How about removal of nodes? Here it seems to depend a lot on the number of nodes. For small node numbers (everything less than half a million) RB Trees again own AVL Trees; the difference is even bigger than for inserts. Rather unexpected is that once the node number grows beyond a million nodes AVL Trees seems to catch up and the difference to RB Trees shrinks until they are more or less equally fast. This could be an effect of the system, though. It could have to do with memory usage of the process or CPU caching or the like. Something that has a more negative effect on RB Trees than it has on AVL Trees and thus AVL Trees can catch up. The same effect is not observed for lookups (AVL usually faster, regardless how many nodes) and inserts (RB usually faster, regardless how many nodes).
Conclusion:
I think the fastest I can get is when using RB-Trees, since the number of lookups will only be somewhat higher than the number of inserts and deletions and no matter how fast AVL is on lookups, the overall performance will suffer from their worse insert/deletion performance.
That is, unless anyone here may come up with a much better data structure that will own RB Trees big time ;-)
Create a sorted list and sort by the lower margin / start. That's easiest to implement and fast enough unless you have millions of ranges (and maybe even then).
When looking for a range, find the range where start <= position. You can use a binary search here since the list is sorted. The number is in the range if position <= end.
Since the end of any range is guaranteed to be smaller than start of the next range, you don't need to care about the end until you have found a range where the position might be contained.
All other data structures become interesting when you get intersections or you have a whole lot of ranges and when you build the structure one and query often.
A balanced, sorted tree with ranges on each node seems to be the answer.
I can't prove it's optimal, but if I were you I wouldn't look any further.
If the total range of numbers is low, and you have enough memory, you could create a huge table with all the numbers.

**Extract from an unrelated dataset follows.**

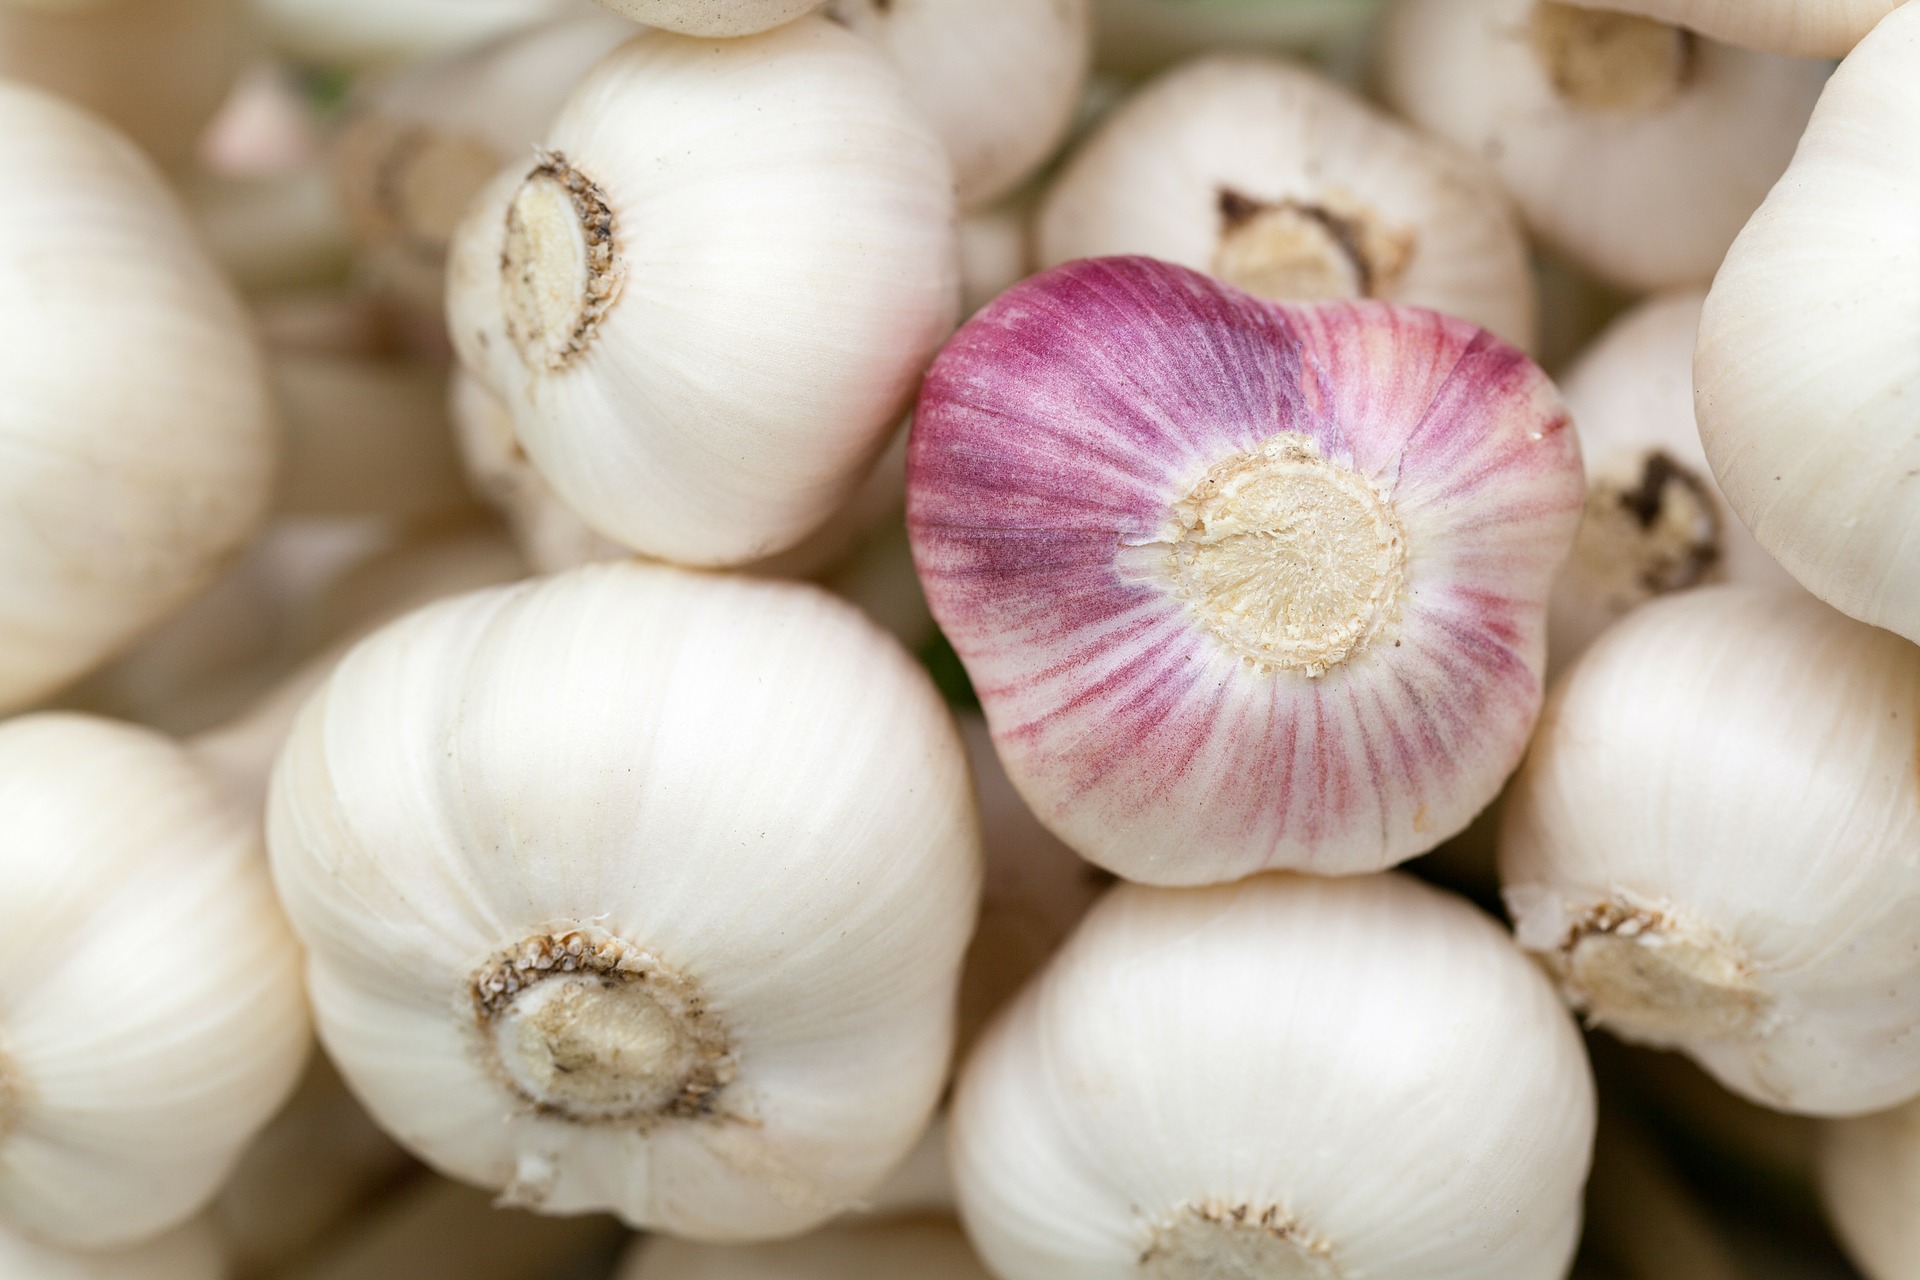 Garlic is a huge immunity booster and is good for treating common colds.

For example, if you have one million of numbers, you can create a table that references the range object.
As an alternative to O(log n) balanced binary search trees (BST), you could consider building a bitwise (compressed) trie. I.e. a prefix tree on the bits of the numbers you're storing.
This gives you O(w)-search, insert and delete performance; where w = number of bits (e.g. 32 or 64 minus whatever power of 2 your ranges were based on).
Not saying that it'll perform better or worse, but it seems like a true alternative in the sense it is different from BST but still has good theoretic performance and allows for predecessor queries just like BST.